Last summer at ProLiteracy, we were preparing to move to a new office in Syracuse, NY. As we began going through all the files, supplies, and rooms of our old building to pack up and move, we came across box upon box of documents, books, and artifacts related to our founders Dr. Frank Laubach and Ruth J. Colvin that tell the story of their work in adult literacy.
It was impossible not to get lost sifting through these boxes of history. Ruth especially had kept journals and copies of all the correspondence she had related to Literacy Volunteers of America. In them, so many stories of people she encountered are told, from world dignitaries to a library custodian.
In a memo to a woman named Judy—year unknown, though it was written on a typewriter—Ruth shares a story from when she was researching small group tutoring with a focus on reading to children. Today, on Father’s Day, that story is reprinted below as a reminder of the important role literacy plays in the relationship between fathers and their children.
As I talked with kindergarten and first grade teachers at a local school, explaining what I was trying to do, they sensed my sensitivity to the feelings of adults admitting this lack of reading ability. And they knew who, among their parents, were interested in their children’s schoolwork and activities. They also knew which parents had limited reading and writing skills. Often permission slips for field trips were not returned—later the parent admitted that she lost it, and one even admitted that she couldn’t read it. Some parents never wrote notes but came always in person to explain absences.

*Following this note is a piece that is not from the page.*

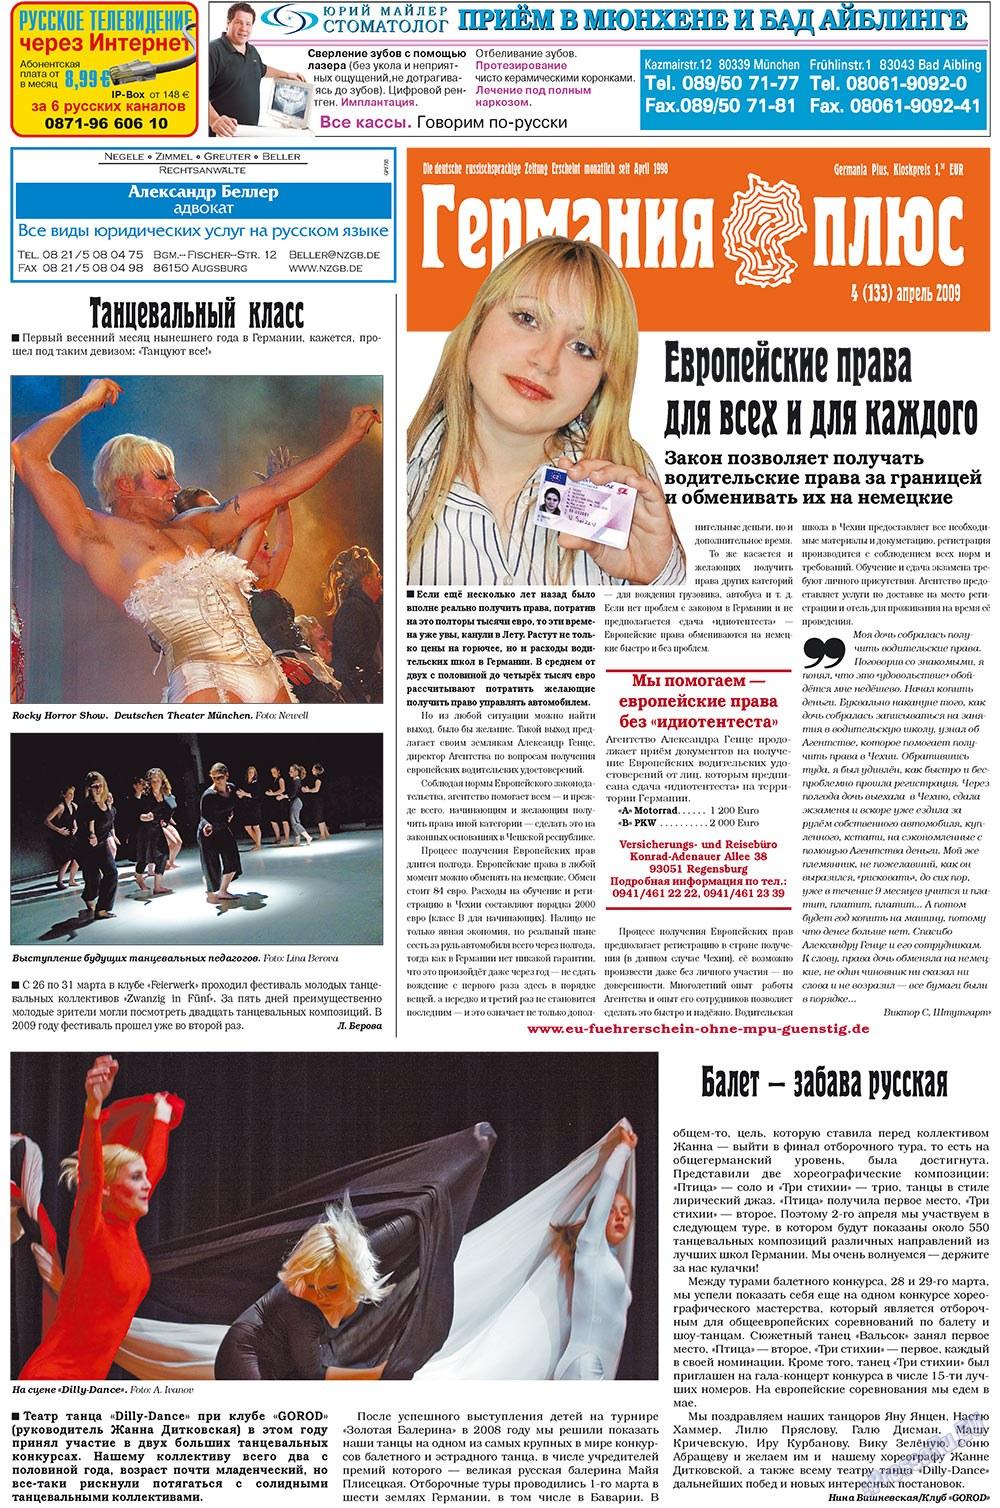 Германия плюс (газета). 2009 год, номер 4, стр. 1

The teachers gave me several names and telephone numbers, cautioning me to be gentle as I offered this special opportunity to learn to improve their reading and writing by learning techniques for reading to their children.
I got several enthusiastic responses and set up my group meetings for Monday and Thursday mornings. However, a man answered one call. When I asked for his wife, he asked me why I wanted to talk with her. I explained that I was going to have a special project, accepting only four or five mothers who were interested in learning to read better to their children. The teacher at the school had told me that his wife was one of the parents who seemed most interested in helping her youngster.
The man was quick to respond. “Why do you only want mothers? And why do you only have this training in the mornings? I’m a father, and I want to read to my children, but I can’t read. I work and can’t come in the morning.”
This caught me by surprise. Of course, he was right, and I immediately told him so. I said that if I could get even one more father, I’d set up a training in the evenings. I did get another father, and this small group of only three of us had a wonderful time, sharing and learning. The courageous father who challenged me was the custodian at the school library, seeing books every day, knowing he could never read them to his children. That gave us the idea of using a father reading to his child as the introduction of LVA’s video training, “Read with Children.”
Happy Father’s Day to all the dads who are building better lives for their children through improved literacy.